Затем поляк сел в свой брум с Батчелором на козлах и покатил на Харли-стрит. Они встали почти у самых дверей доктора Смита, так чтобы Пенелопе в случае необходимости ближе было бежать до экипажа. Она появилась ровно в половине одиннадцатого. За ней вышел Ботли с двумя рапирами в чехлах подмышкой. Пенелопа взяла у него рапиры, уверенно подошла к бруму и со словами: «В Фехтовальный клуб» открыла дверцу экипажа. Но бдительный слуга заметил, что в экипаже уже кто-то сидит, и стремглав бросился к своей подопечной. Фаберовский, который несколько грубовато втащил девушку внутрь, успел выставить трость рукоятью навстречу подбегавшему слуге. Ботли наткнулся на нее лбом и от страшного удара опрокинулся на спину. Фаберовский захлопнул дверцу, Батчелор хлестнул лошадь и они помчались на Эбби-роуд.
Мистер Крофорд был уже на месте.
– Вы привезли? – не тратя слов, спросил Фаберовский.
– Да, вот он, – Крофорд подал ему бумагу.
Фаберовский внимательно прочел ее, вдумываясь в каждое слово.
– Добже! Пенни, милая, познакомься с текстом нашего брачного контракта. Если ты согласна с его условиями, мы немедленно скрепим его своими подписями в присутствии сего достойного джентльмена.
Пенелопа взяла контракт и прочла его не менее внимательно, чем поляк.
– Но Стив, – удивилась она. – Здесь написано, что все твое имущество в случае твоей смерти для лучшего распоряжения должно перейти к моему отцу на срок в пять лет при условии должного содержания вдовы, то есть меня, равно как и в случае безвременной твоей кончины до церковного венчания!
– Тебя что-то удивляет?
– Во-первых, почему отцу, а не мне? А во-вторых, какое именно имущество? Что у тебя есть?

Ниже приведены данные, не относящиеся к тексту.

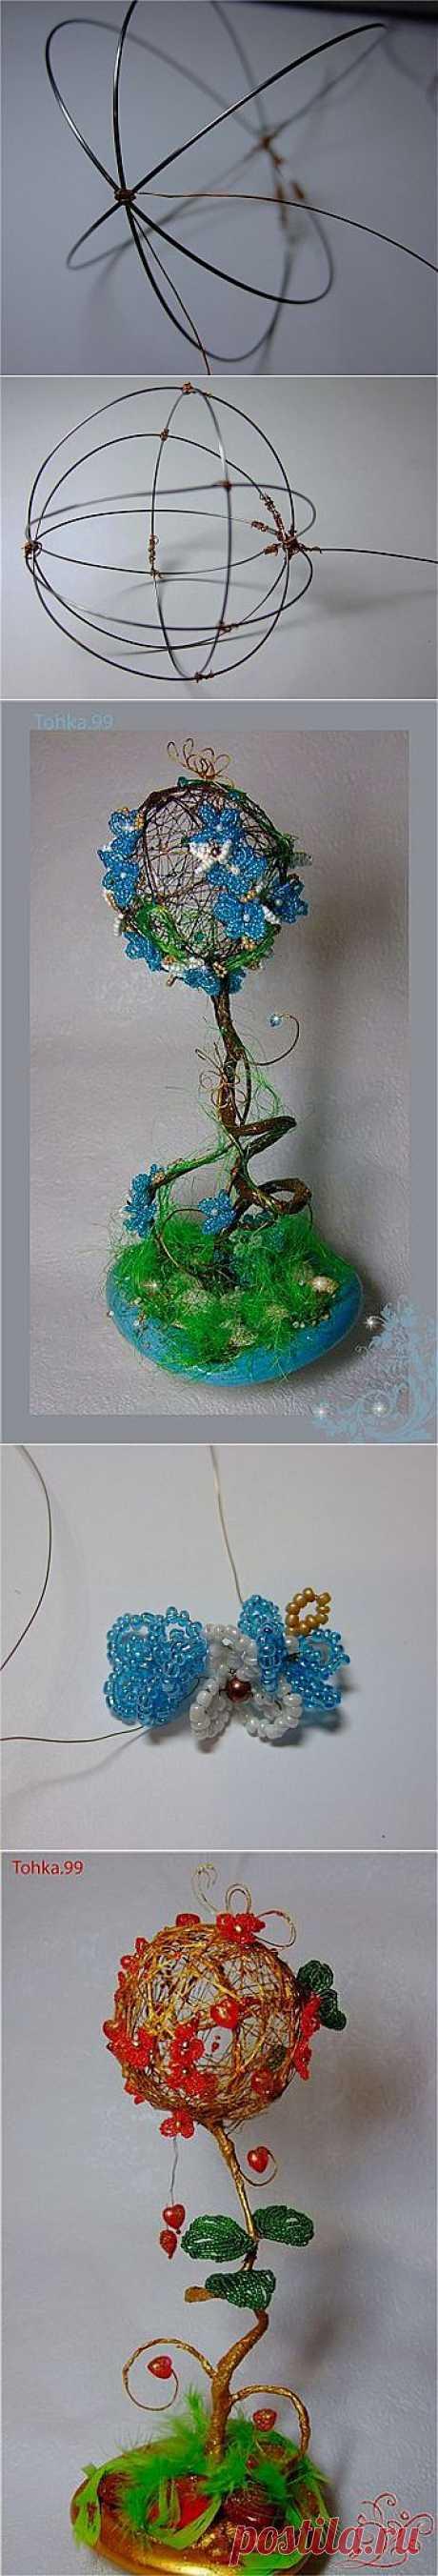 Деревце - топиарий с бисерными цветами. Сделать такую красоту можно по мастер-классу https://strady.org.ua/post155763761/#

– Торговая операция, которую мы завершаем сейчас с мистером Гуриным, принесет мне около тысячи фунтов; кроме того, у меня есть недвижимость в виде этого дома, участка земли и находящихся на ней построек, а также мебели, обстановки, экипажа и двух лошадей. Что до заинтересовавшего тебя пункта в договоре, то он включен сюда для того, что в случае моей кончины твой отец сможет правильно вложить средства в корыстное дело или поместить их под проценты. К тому же я не собираюсь умирать, а такое доверие к доктору Смиту с моей стороны может расположить его ко мне.
– А ты не боишься, что это условие наоборот, спровоцирует моего отца подстроить тебе какую-нибудь смертельную ловушку?
– Нет, не страшусь. Я не считаю твоего отца настолько глупым человеком, чтобы при нынешних условиях покушаться на мою жизнь.
– А почему в договоре не оговорено мое приданое? Отец должен дать за мной полторы тысячи фунтов. Я хочу в случае, если с тобой что-то произойдет, получить по закону восемьдесят второго года об имуществе замужних женщин все, что я принесу тебе при замужестве, а не зависеть от отца. И не забудь, что как только отец выплатит тебе мое приданое, ты должен положить в банк на мой счет с этой суммы вдовью часть.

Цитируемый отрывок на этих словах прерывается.